Cash and cash equivalents at the end of fiscal 2019 were $386 million. Free cash flow was $145 million for fiscal 2019, an increase of $34 million compared to the same period last year.
Inventory at the end of the fiscal year was $2.17 billion, down 11.1 percent compared to the end of fiscal 2018 and down 22.7 percent when compared to the end of fiscal 2017.
The company ended fiscal 2019 with liquidity of approximately $1.8 billion.

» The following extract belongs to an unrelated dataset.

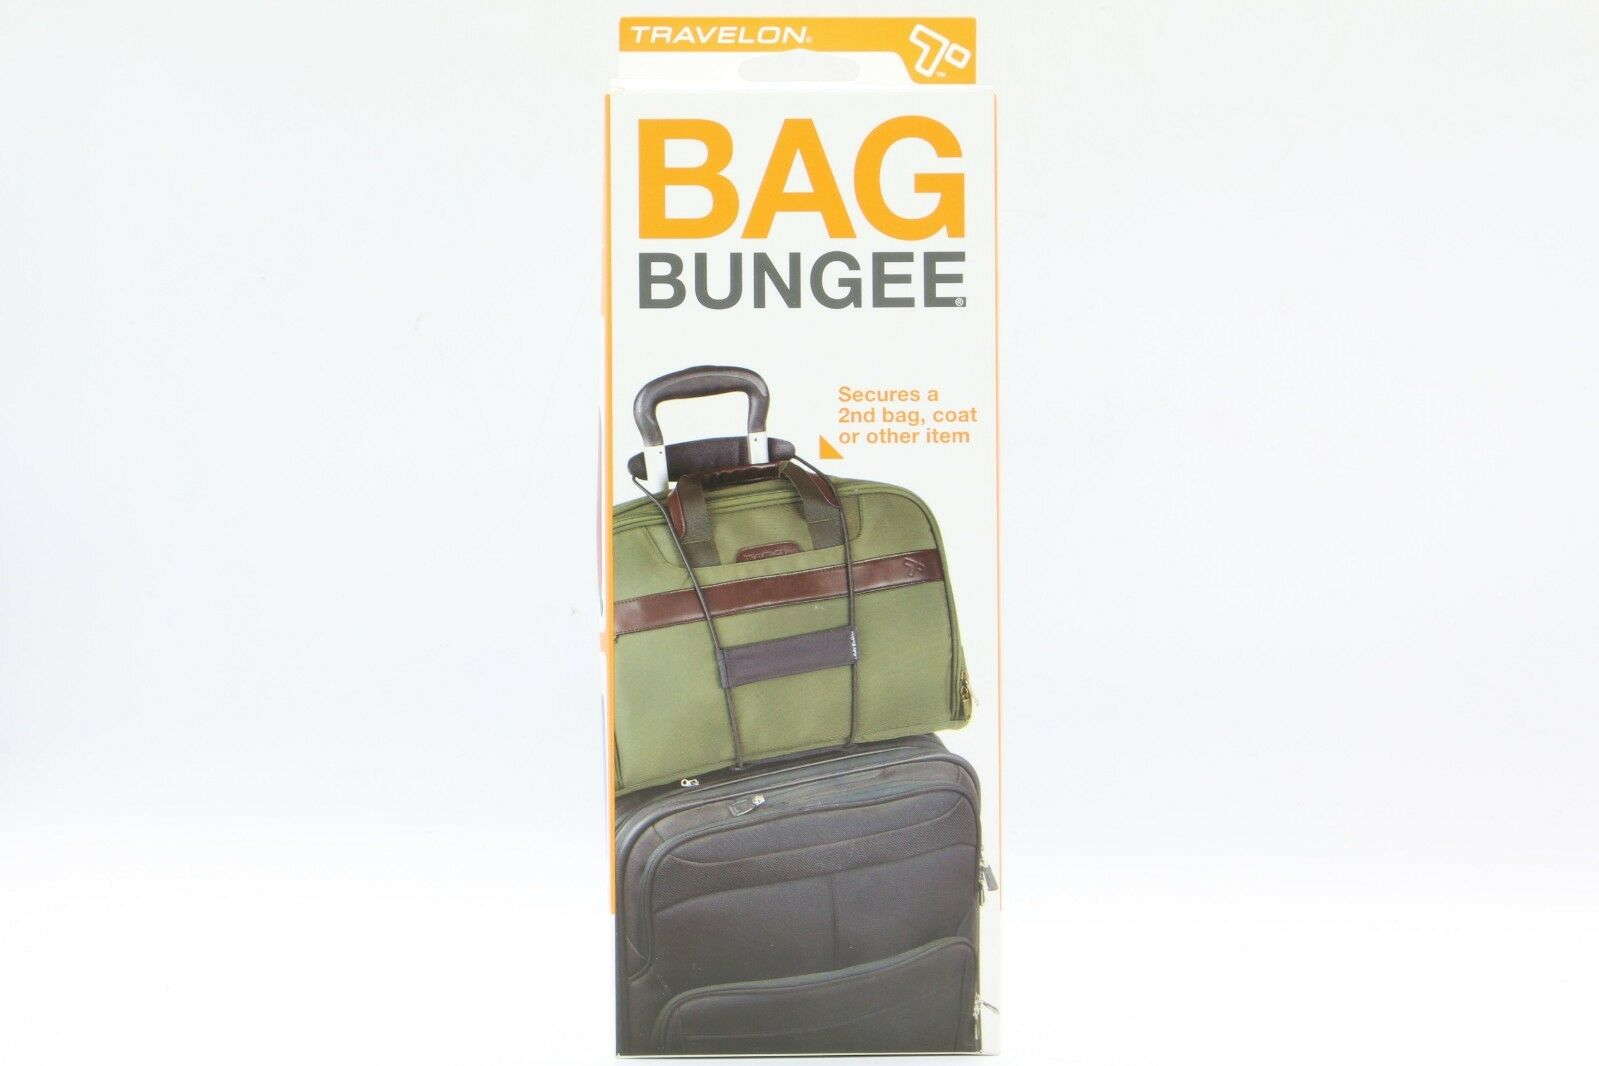 2ae4c0011603 Travelon Bag Bungee Luggage Strap Black Jl6 Z49-22

2020 Store Closures Update
The company expects to close at least six store locations in fiscal 2020. The company will share more details of future real estate plans during its Analyst Day on April 7, 2020.
2020 Financial Guidance
The company has provided financial guidance for full-year fiscal 2020, which does not include any potential impact from the current coronavirus (COVID-19) situation, as follows:
- Comparable store sales expected to be in a range of (3.5) percent to (4.5) percent;
- Cost of goods sold, as a rate of net sales: expected to improve 100 to 130 basis points compared to last year;
- Adjusted EBITD1 dollars expected to increase 5 percent to 10 percent compared to last year; and
- Free Cash Flow expected to be positive.